An organization’s ability to protect sensitive data and information is fundamental to the delivery of programs and services. Cryptography provides security mechanisms which can be used to protect the authenticity, confidentiality, and integrity of information.

Data authenticity, confidentiality and integrity, stakeholder authentication and accountability, and non-repudiation are all benefits of properly configured cryptography. Several algorithms may be required to satisfy these security requirements, and each algorithm should be selected and implemented to ensure these requirements are met.

For further information, please contact us:
Cyber Centre Contact Centre
[email protected]
613-949-7048 or 1-833-CYBER-88

Table of contents

1 Introduction

Organizations rely on Information Technology (IT) systems to achieve business objectives. These interconnected systems can be the targets of serious threats and cyberattacks that jeopardize the availability, authenticity, confidentiality, and integrity of the information assets. Compromised networks, systems, or information can have adverse effects on business activities and may result in data breaches and financial loss.

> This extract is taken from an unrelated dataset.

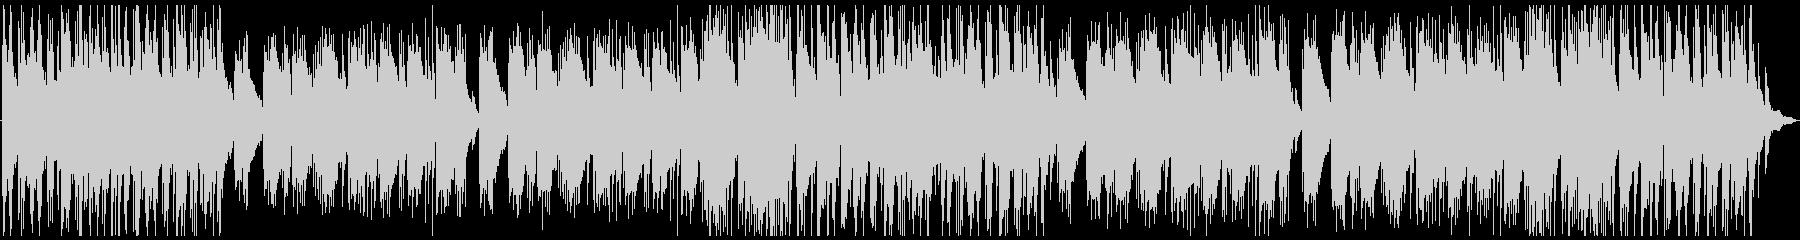 落ち着いた浮遊感のあるピアノBGMの未再生の波形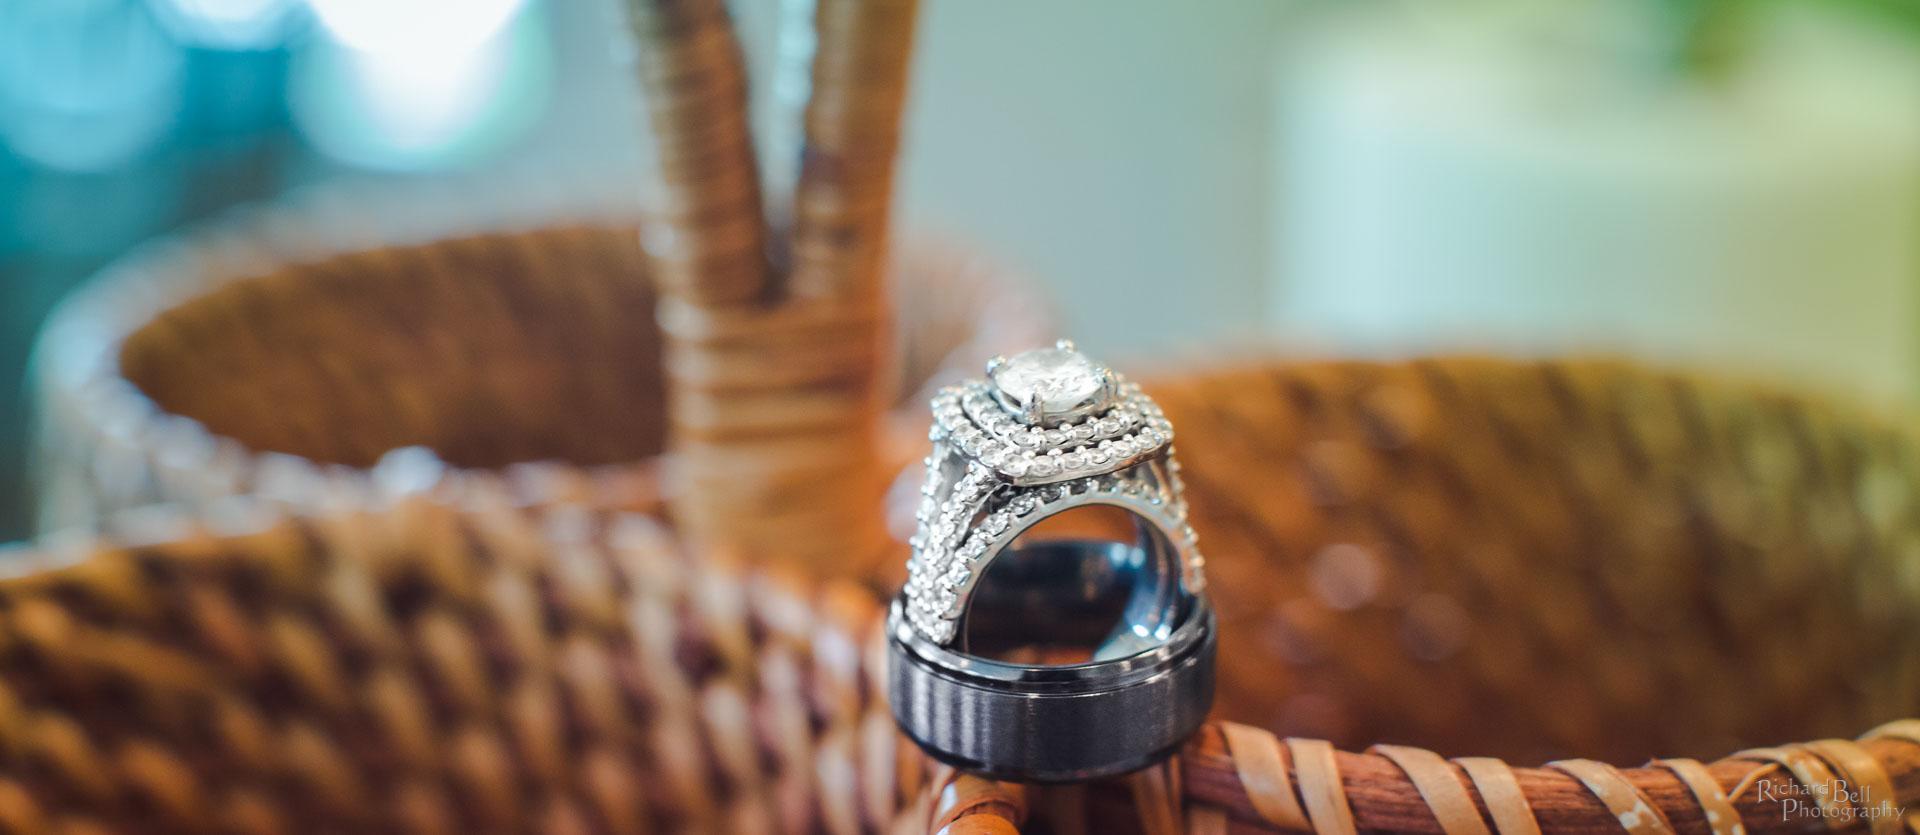 Finley Rings

This document aids technology practitioners in choosing and appropriately using cryptographic algorithms. When used with valid domain parameters and specific key lengths, the cryptographic algorithms listed this document are recommended cryptographic mechanisms for protecting the confidentiality and integrity of sensitive UNCLASSIFIED, PROTECTED A, and PROTECTED B information to the medium injury level, as defined in the Cyber Centre’s ITSG-33 IT security risk management: A lifecycle approach Footnote 1. For requirements on the use of Cyber Centre approved cryptography to protect PROTECTED C and Classified information, refer to the Cyber Centre’s ITSD-01A: IT Security Directive for the Application of Communications Security using CSE-Approved Solutions Footnote 2.

This document complements the Treasury Board of Canada Secretariat (TBS) Guideline on Defining Authentication Requirements Footnote 3. Organizations are responsible for determining their security objectives and requirements as part of their risk management framework.

1.1 Practitioner notes

In this document we make recommendations for cryptographic algorithms and parameters. We also list algorithms that should be “phased out” of use. New applications should not use these algorithms. Where these algorithms are used in existing applications, they should be replaced with algorithms that we recommend in this document. For certain algorithms we specify a date by which these algorithms should have been replaced; in other instances these algorithms should be replaced as soon as possible.

Unless otherwise specified, when an algorithm requires a primitive, it should be chosen from those recommended in this document. For example, a hash function from Sections 6.2 or 6.3 should be used when using the Keyed-Hash Message Authentication Code (HMAC) from Section 7.1. Unless otherwise specified, when an algorithm requires a parameter, it should be chosen from those recommended in the given reference for the algorithm.

1.2 Policy drivers

The need to address and counter cyber threats and vulnerabilities currently threatening networks is a crucial step in securing networks, data, and assets. GC departments must ensure IT security policies and procedures are implemented in accordance with the TBS Policy on Government Security Footnote 4.

1.3 Relationship to the IT risk management process

The Cyber Centre’s ITSG-33 IT security risk management: A lifecycle approach Footnote 1 guidelines suggest a set of activities at two levels within an organization: the departmental level and the information system level.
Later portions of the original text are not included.